*** DATA PROVIDED ***

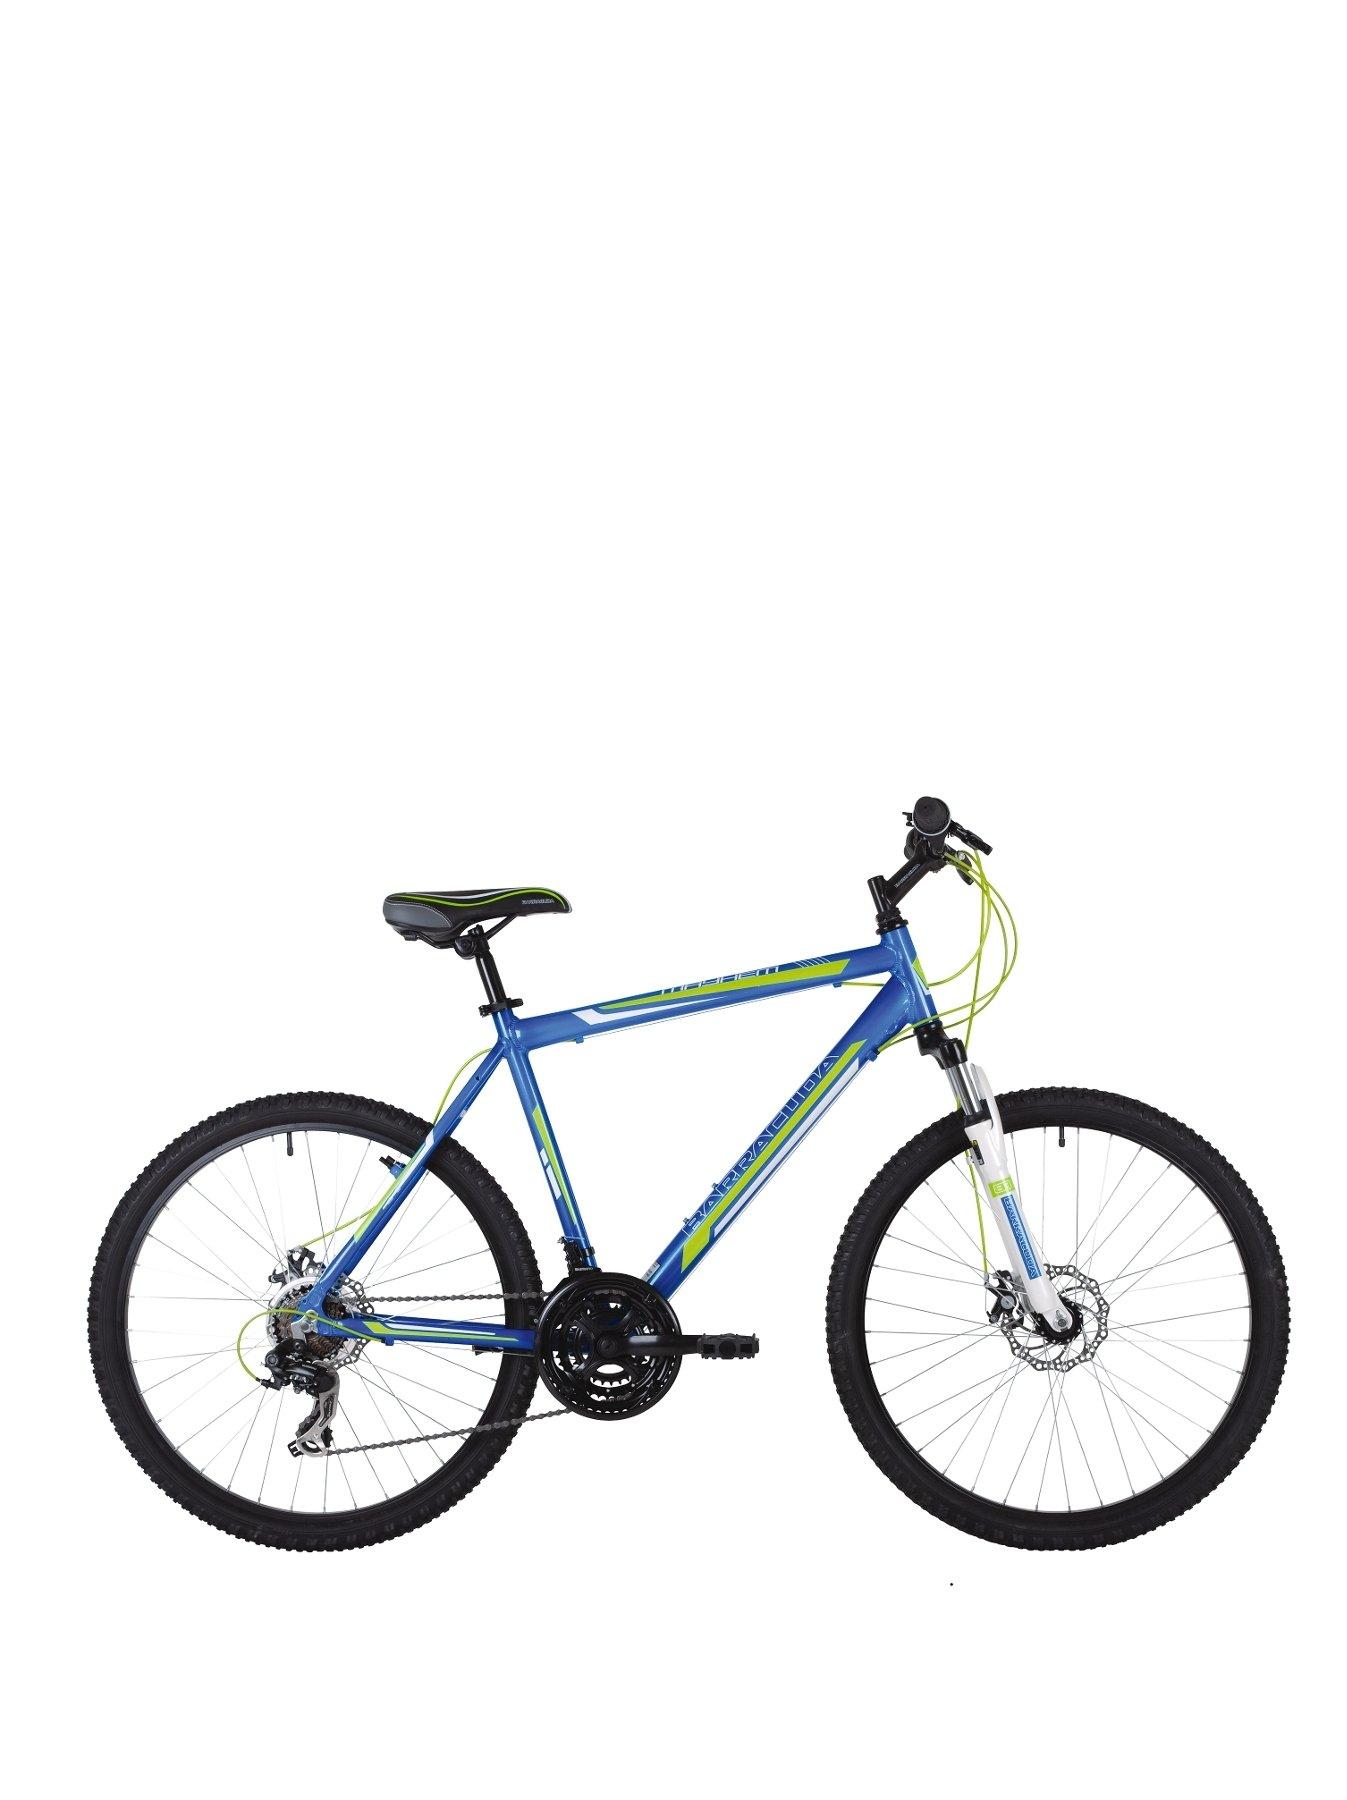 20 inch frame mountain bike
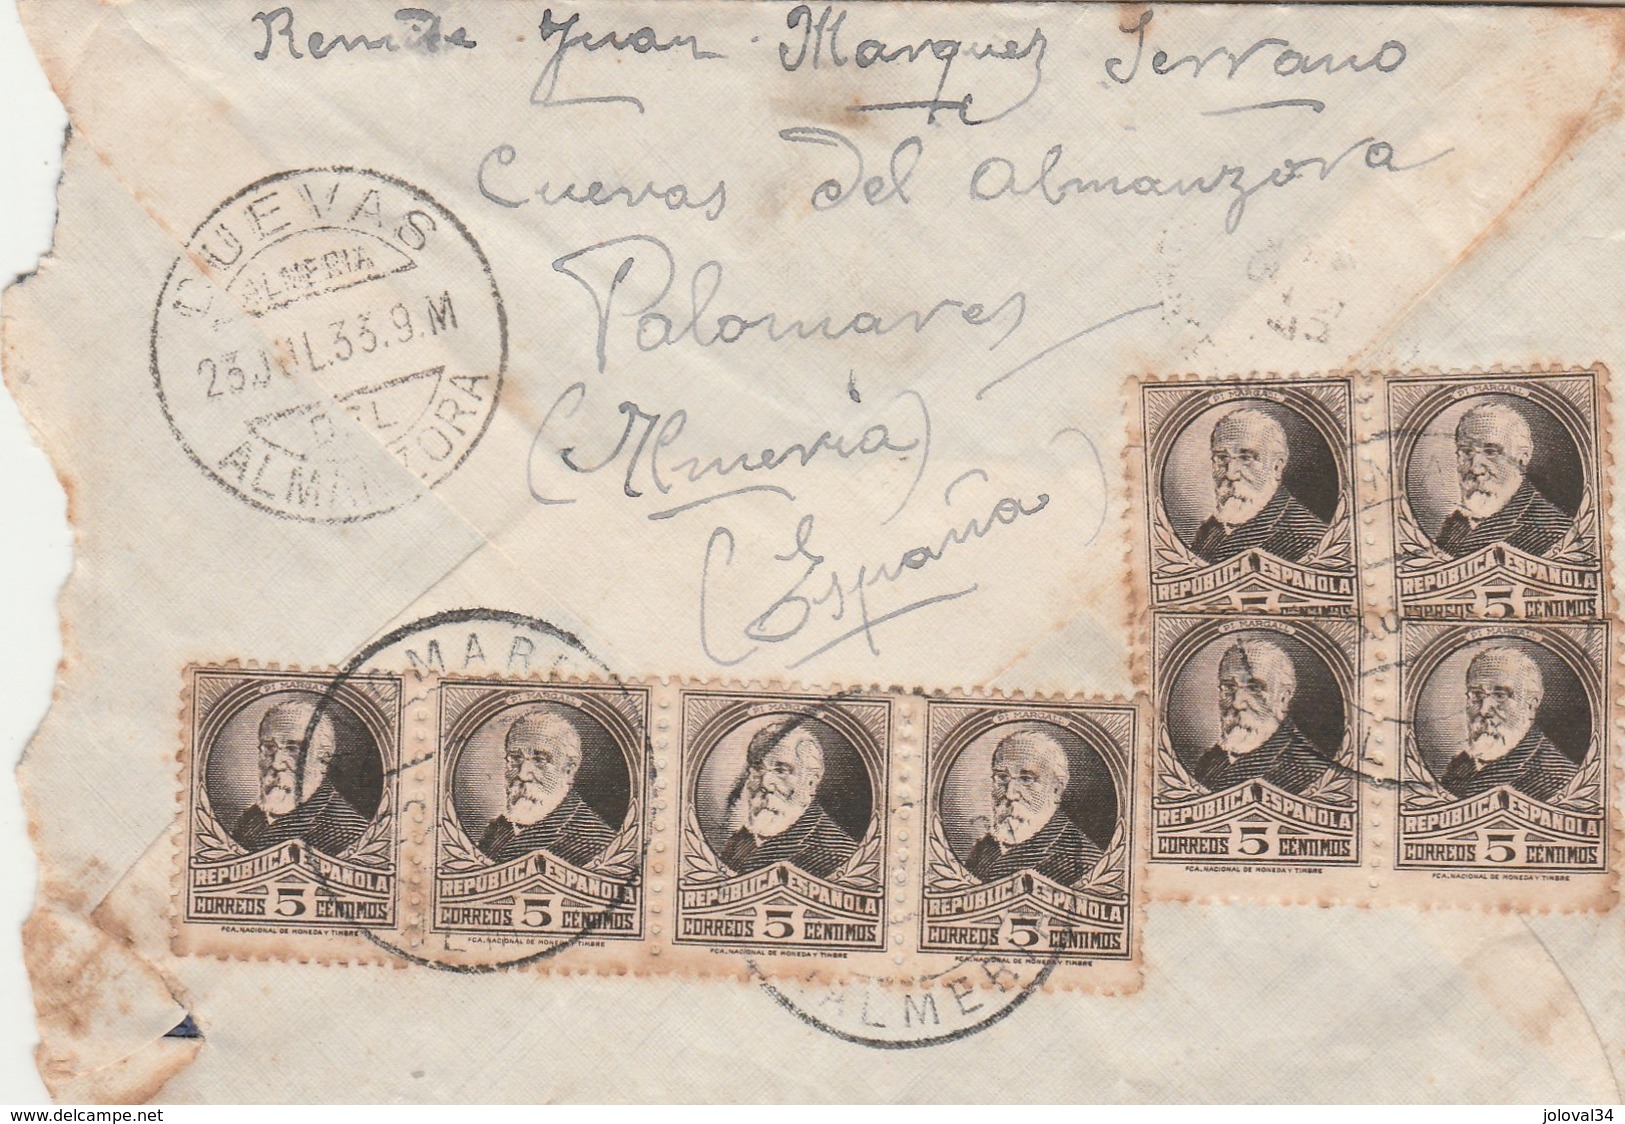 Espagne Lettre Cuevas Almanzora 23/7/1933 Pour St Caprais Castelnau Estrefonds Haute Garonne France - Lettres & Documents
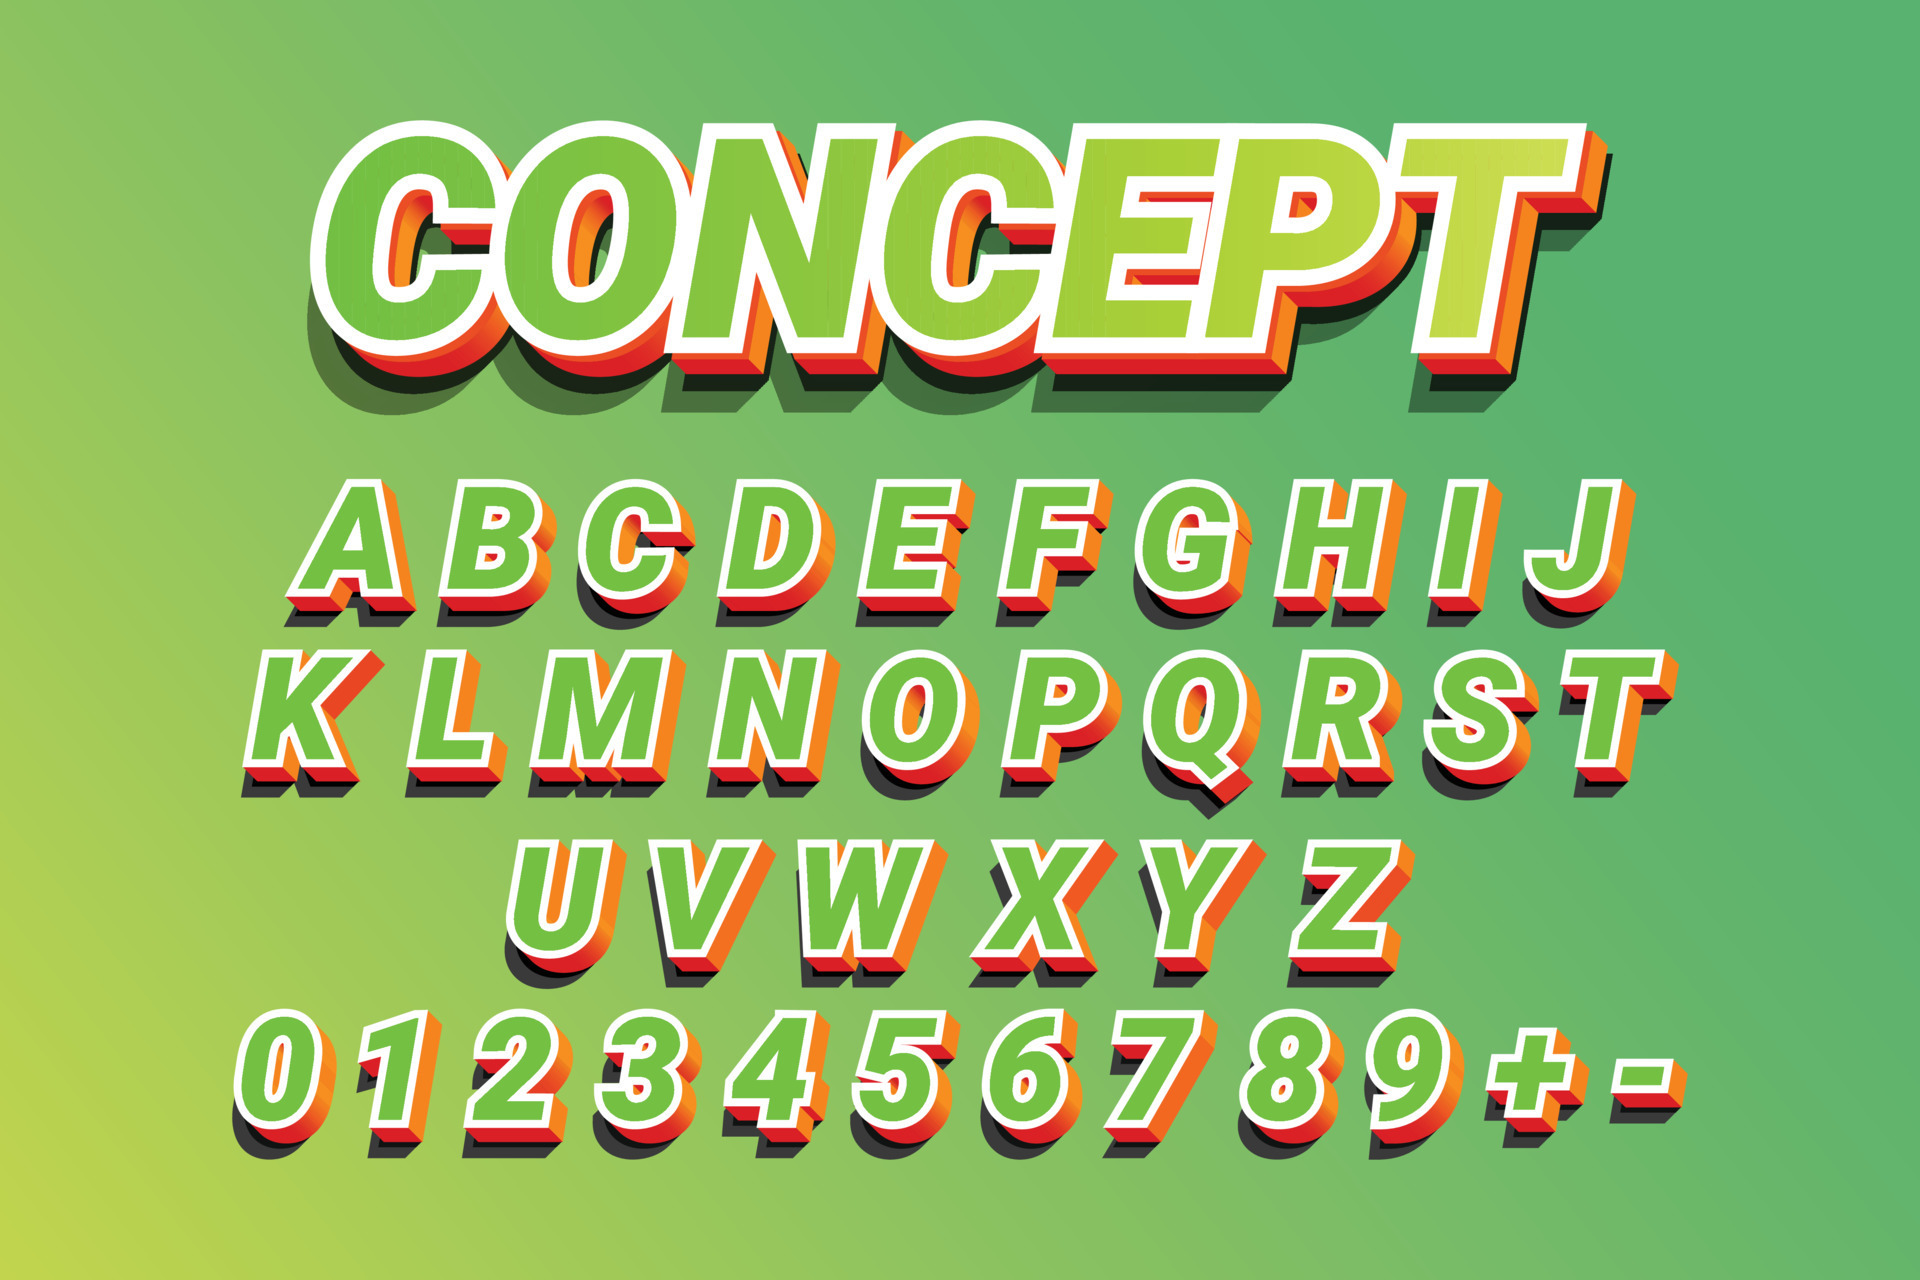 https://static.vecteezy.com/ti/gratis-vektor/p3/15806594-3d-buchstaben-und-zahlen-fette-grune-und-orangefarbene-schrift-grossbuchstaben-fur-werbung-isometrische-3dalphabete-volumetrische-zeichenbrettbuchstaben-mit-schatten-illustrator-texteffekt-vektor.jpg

*** End of DATA PROVIDED ***

Starting at the first line of the data, set down each line exactly until you have copied the line with "Espagne Lettre Cuevas", but leave the pictures out.

# [EXPECTED ANSWER]
 20 inch frame mountain bike
 Espagne Lettre Cuevas Almanzora 23/7/1933 Pour St Caprais Castelnau Estrefonds Haute Garonne France - Lettres & Documents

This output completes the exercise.